The real novelty in these last years, has been the availability of biologic agents to be specifically used for the treatment of systemic JIA where, along with arthritis, children have systemic manifestations such as fever, rash, serositis, lymphadenopathy etc. These new drugs are indeed able to block selectively molecules that has been shown to be pivotal in the inflammatory process such as IL6 (tocilizumab) and IL 1 (anakinra, canakinumab and others)

Most of the biologic agents have been tested (or are currently under study) thanks to the involvement of the Pediatric Rheumatology International Trials Organisation (PRINTO at www.printo.it) and of the Paediatric Rheumatology Collaborative Study Group (PRCSG at www.prcsg.org).

This review will present a practically orientated overview of the “state of the art” for the treatment of JIA and the other major paediatric rheumatic disases including an overview on safety aspects.
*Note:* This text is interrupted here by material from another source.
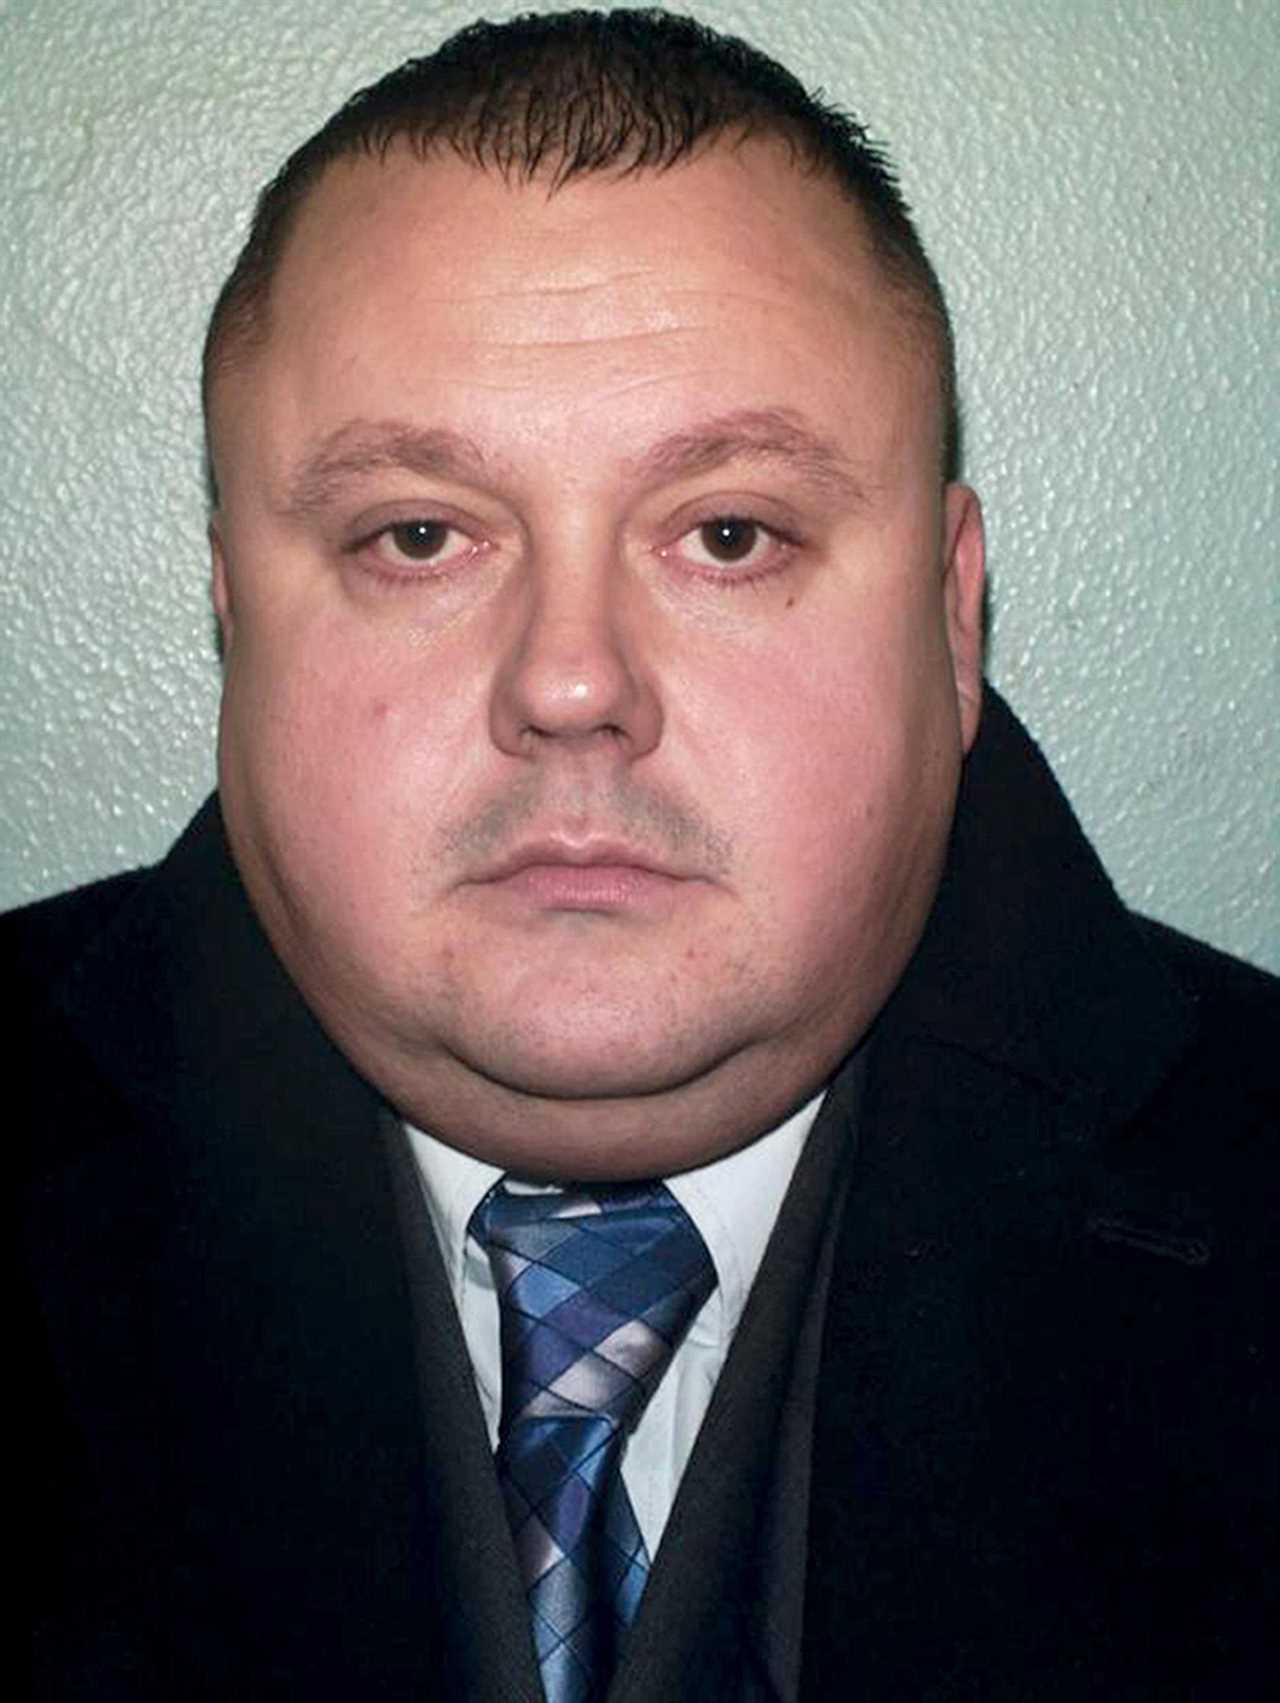 Serial killer Levi Bellfield’s prison wedding to blonde girlfriend in doubt as minister threatens to BLOCK marriage

Disclosure of Interest N. Ruperto Grant/research support from: The Gaslini Hospital, which is the public Hospital where I work as full time public employee, has received contributions from the following industries: Abbott, BMS, “Francesco Angelini”, GlaxoSmithKline (GSK), Hoffman-La Roche, Italfarmaco, Janssen, Novartis, Pfizer, Sanofi Aventis, Schwarz Biosciences, Sobi, Xoma, Wyeth. This money has been reinvested for the research activities of the hospital in a fully independent manners besides any committment with third parties., Speakers bureau: The undersigned Dr Nicolino Ruperto received honoraria for consultancy or speaker's bureau from the following pharmaceutical companies: Abbott, AbbVie, Amgen, Biogenidec, Astellas, Alter, AstraZeneca, Boehringer, BMS, CD-Pharma,Celgene, CrescendoBio, EMD Serono,Hoffman-La Roche, Italfarmaco, Janssen, MedImmune, Medac, Novartis, Novo Nordisk, Pfizer, Sanofi Aventis, Servier, Takeda, Vertex.